MgB2 / Fe wire magnetic susceptibility curve along with the change of temperature 4.2 K is given under the first bit line of MgB2 / Fe strip of critical current density (Jc) curve along with the change of magnetic field. Can be seen from the diagram, when the magnetic field range of 47 t, homemade MgB2 / Fe wires superconducting properties than Nakane et al. Preparation of MgB2 < 15 > / Fe strip performance is high; Under the 4.2 K / 4 t homemade the critical current density of pure MgB2 / Fe wire for 104 a/cm2, and Nakane et al. Preparation of < 15 > strip the critical current density of less than 103 a/cm2.

This experiment to the first bit of MgB2 / Fe wire 950 high temperature heat treatment, effectively reduced the stress occurring in the process of cold working, to improve the connectivity of MgB2 grain, increase the density of the sample, to improve the magnetic flux pinning characteristics, thus improved its superconducting properties. And Nakane et < 15 > the first bit of of strip annealing temperature on the low side (600), which is leading to a lower strip superconducting properties of the main reasons.

4.2 K under a line strip which was prepared first JcB curve: homemade MgB2 / Fe wire Nakane et al. Preparation of MgB2 < 15 > / Fe strip Flukiger people such as < 7 > special emphasis on the initial powder granularity (ball mill) for a first the importance of preparation of high performance wire strip Lezza < 17 > points out that the ball mill, 100 h is better than 3 h, and Takano et < 9 > points out that the ball mill time shoulds not be too long. Visible, ball grinding time needs further research to find the appropriate to the size of the powder particle size to increase the density of core superconducting materials, improve grain connectivity and magnetic flux pinning characteristics, so as to improve the superconducting properties of a normal strip first. In addition, Nakane et al. < 15 > points out that the use of MgB2 powder prepared by in situ as a method of the initial powder can obviously increase the first critical current density of a legal system for strip first. If in this way, with in situ prepared method of nanometer powder doping MgB2 powder as a first initial sintering powder, and can effectively increase magnetic flux pinning center and improve the connectivity of grain, this will likely greatly increase a normal first strip superconducting properties.

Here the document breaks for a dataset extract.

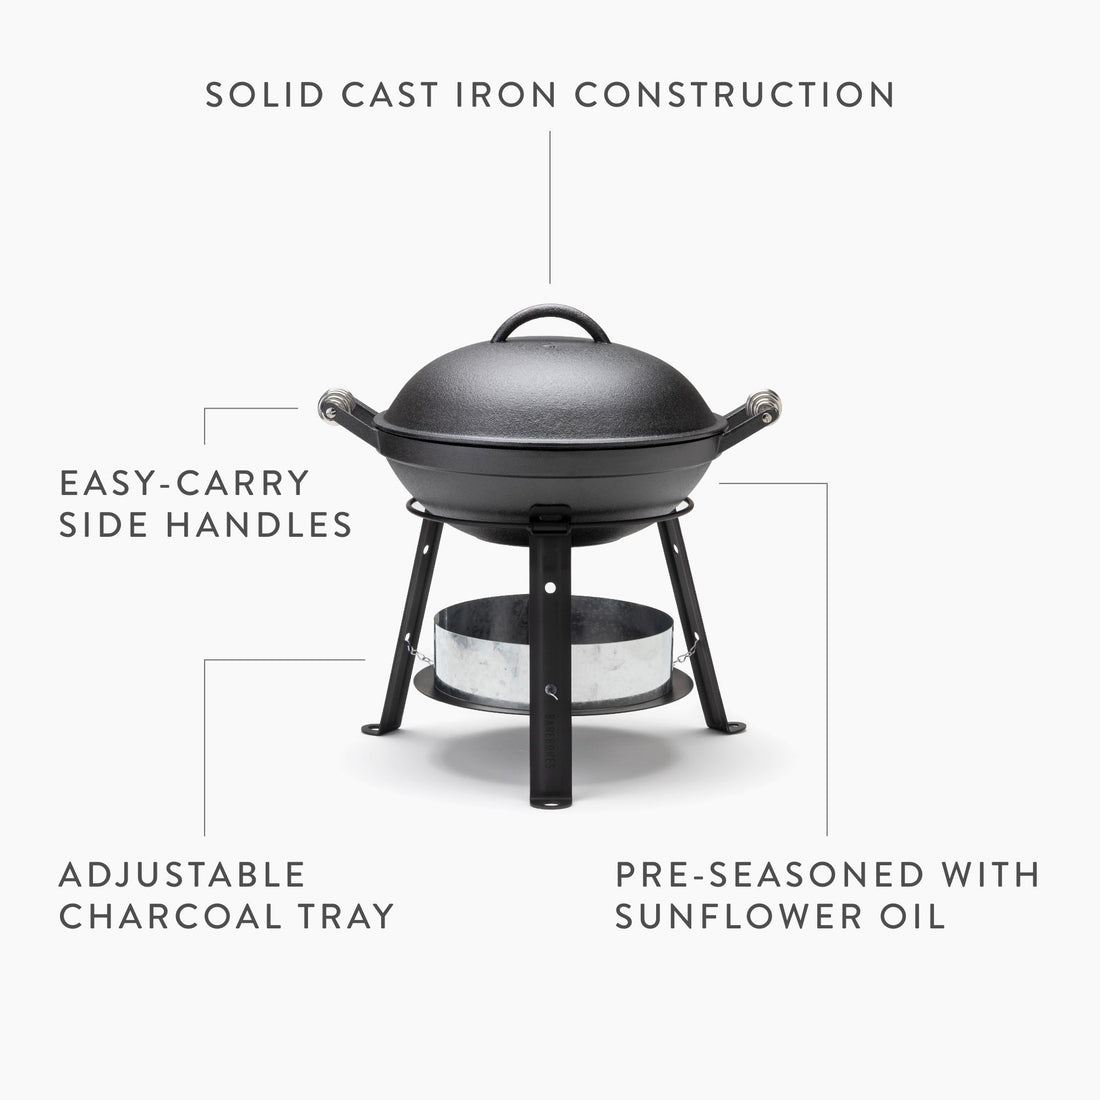 Barebones - All-in-One Cast Iron Grill

Conclusion based on the first bit of MgB2 / Fe superconducting wires, and the phase composition, microstructure, and superconducting properties was tested. Experimental results show that the superconducting wire of MgB2 / Fe critical transition temperature is about 38.3 K, 4.2 K / 4 t under the critical current density for 104 a/cm2. The study shows that the high temperature heat treatment reduced the stress occurring in the process of cold working, to improve the grain connectivity, increase the density of core material, improve the magnetic flux pinning characteristics, effectively improve the MgB2 / Fe superconducting properties of wire rod. In short, by improving the initial powder granularity, and effectively high temperature heat treatment can significantly improve a line strip which was prepared first superconducting properties, is expected to make a normal first strip to meet application requirements.